## 1. Theory Introduction to Diagnosing Bias/Variance

One of the critical challenges in machine learning is determining whether a model is suffering from bias or variance.

- **Bias**: Refers to the error due to overly simplistic assumptions in the learning algorithm, which can make it underfit the data. A high bias model oversimplifies the problem and performs poorly both on the training set and unseen data.

- **Variance**: Refers to the error due to too much complexity in the learning algorithm, making the model overfit the data. A high variance model captures noise in the training data and performs well on the training set but poorly on unseen data.

### Trade-off:
In general, as you increase the complexity of your model, you will see a reduction in error due to lower bias but an increase in error due to higher variance. Achieving a balance between these two types of error is crucial for creating models that generalize well to new data.

## Library

In [None]:
from sklearn.datasets import make_moons
from sklearn.model_selection import train_test_split
from sklearn.tree import DecisionTreeClassifier
from sklearn.metrics import accuracy_score
import matplotlib.pyplot as plt

## 2. Dataset

In [None]:
# Generate a dataset
X, y = make_moons(n_samples=500, noise=0.3, random_state=42)

# Splitting the dataset into training and test sets
X_train, X_test, y_train, y_test = train_test_split(X, y, test_size=0.3, random_state=42)

## 3. Model coded in Python


In [None]:
# Training a decision tree classifier with varying depths
tree_depths = [1, 5, 10, 15]
train_accuracies = []
test_accuracies = []

for depth in tree_depths:
    clf = DecisionTreeClassifier(max_depth=depth)
    clf.fit(X_train, y_train)
    
    # Calculate accuracy on training and test set
    train_accuracy = accuracy_score(y_train, clf.predict(X_train))
    test_accuracy = accuracy_score(y_test, clf.predict(X_test))
    
    train_accuracies.append(train_accuracy)
    test_accuracies.append(test_accuracy)



## 4. Explanation


In [None]:
# Plotting training and test accuracies
plt.plot(tree_depths, train_accuracies, '-o', label='Training Accuracy')
plt.plot(tree_depths, test_accuracies, '-o', label='Test Accuracy')
plt.xlabel('Depth of Decision Tree')
plt.ylabel('Accuracy')
plt.legend()
plt.title('Bias vs. Variance Analysis')
plt.show()

From the plot:

1. **Low Depth (High Bias)**: At a low depth, both the training and test accuracies are low, indicating that the model is too simplistic and suffers from high bias.

2. **High Depth (High Variance)**: At very high depths, the training accuracy is high, but the test accuracy is lower. This indicates that the model has become too complex and is overfitting to the training data, capturing its noise.

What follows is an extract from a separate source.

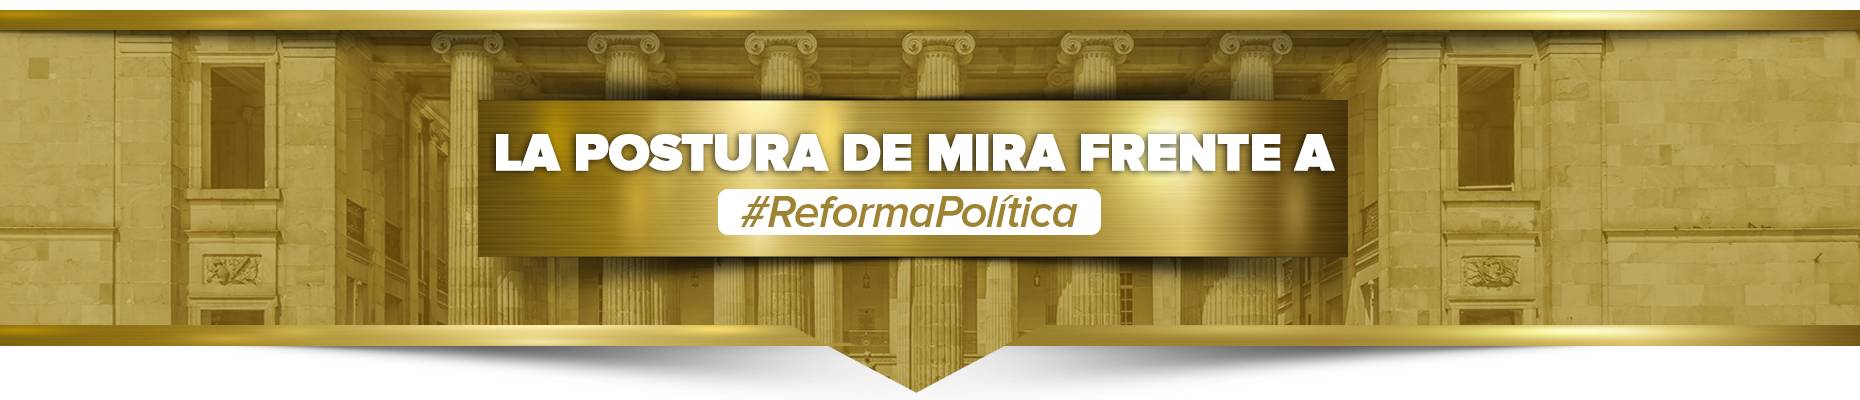 Slide-Reforma-min.jpg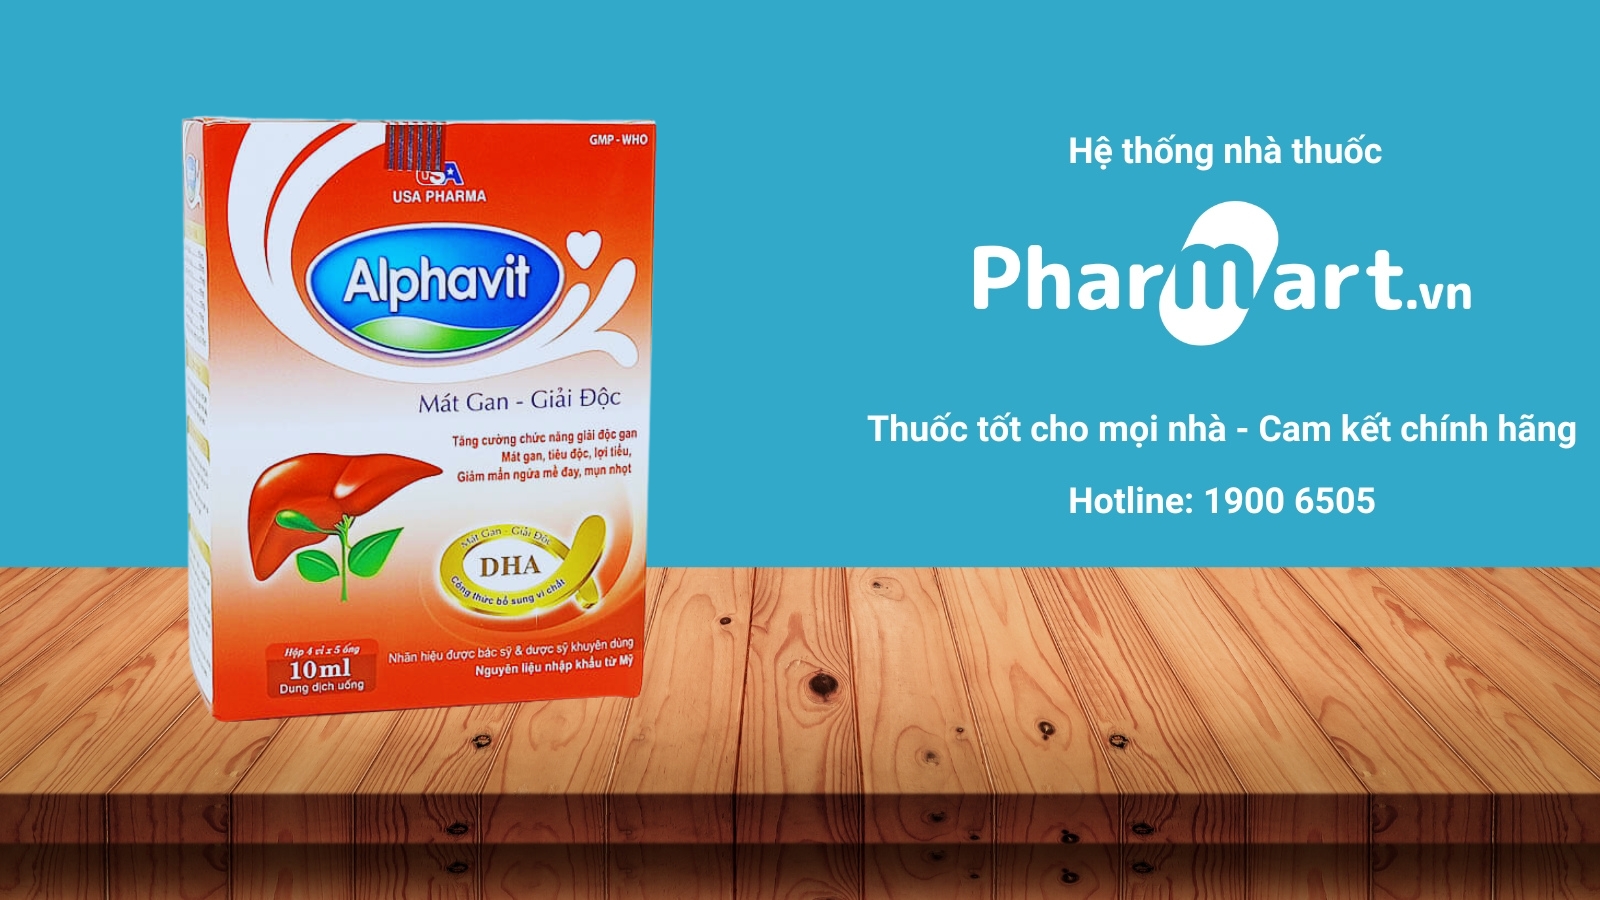 Mua ngay Alphavit chính hãng tại Pharmart.vn

3. **Optimal Point**: The optimal depth lies somewhere in the middle, where the difference between training and test accuracies is minimal while both accuracies are relatively high.

This analysis demonstrates the bias-variance trade-off. Too simple a model, and it can't capture the underlying patterns. Too complex, and it starts to fit the noise in the training data, failing to generalize well to new data.